Sometimes their relationship becomes tiresome.

But mostly it’s exciting. He knows she worries about him straying, because of that time she caught him.

She doesn’t know about the times she hadn’t caught him, before that.

Still, that one time, there had been hysterics, and flying shoes that narrowly missed his head, and threats.

He thinks of this now as she shows off her new purchases in the living room, while he sinks into the sofa, pretending to pay attention.

He’d made a promise to her after that, to stay away from other women.

He thinks she cheated on him after, just once, to even the score, because that’s what he would do if he was her, but he’s willing to let that go.

He’s never been as jealous, as possessive, as she is.

And he owes her. She’s right about that.

His cybersecurity firm is making them good money, but it took money to get it off the ground.

Money he didn’t have. She’d gotten it for him.

She hadn’t told him what she was planning, only presented it to him afterward, a fait accompli , a gift.

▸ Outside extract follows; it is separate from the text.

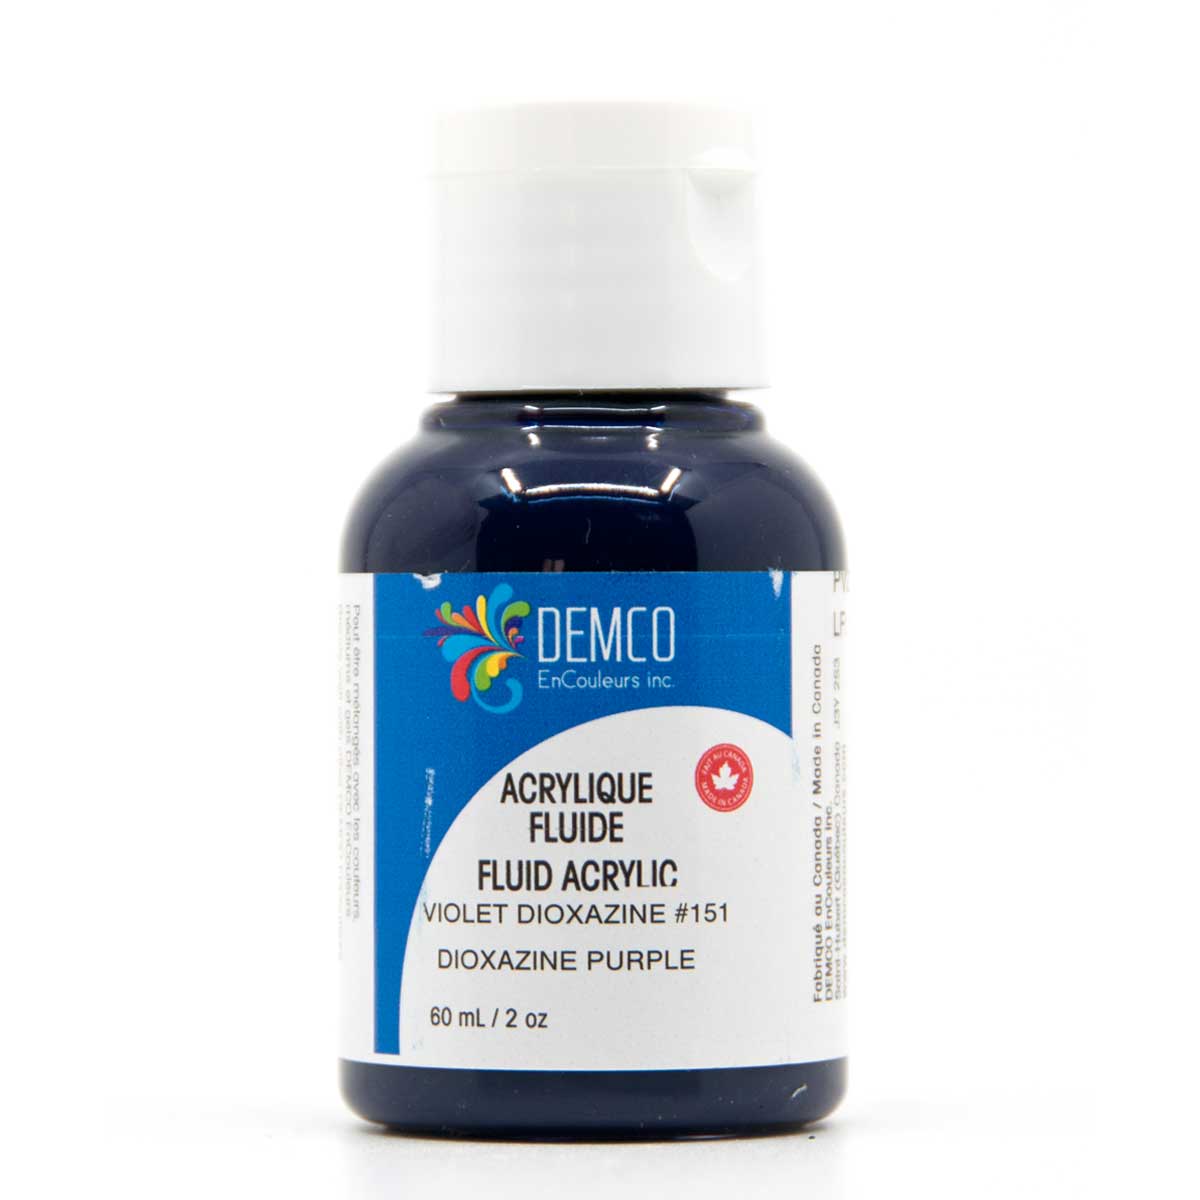 Demco Fluid Acrylic Paint - Dioxazine Purple 60 ml

He wonders now, if she had told him what she was going to do, would he have stopped her?

Probably not. He’s as cold-blooded as she is.

He supposes most other husbands would have been horrified.

But she didn’t choose another husband; she chose him.

And he was grateful, and actually rather impressed.

Neither one of them had liked her mother anyway.

She was a trivial woman. Always nervous around them, looking at them as if she were afraid of what they might do next.

Her timidity always annoyed Alice, provoked her.

He looks at Alice now in the sexy red patent-leather stilettos, and his thoughts about her mother disappear. Derek likes to think of the two of them as special, as people unhampered by the same restraints that hamper other people.

“What do you think?” she purrs, posing with a hand on one hip, one heel coyly raised. She arches her back a little.

“They’re perfect,” he says, his voice growing husky. “You’re perfect.”

She walks slowly up to him, swaying her hips, crawls into his lap, straddling him, and fastens her mouth on his. He can feel himself become instantly aroused. She must feel it too.

“I am, aren’t I?” she whispers after the kiss. “You don’t deserve me.”

“No, I don’t,” he whispers back, unbuttoning her blouse.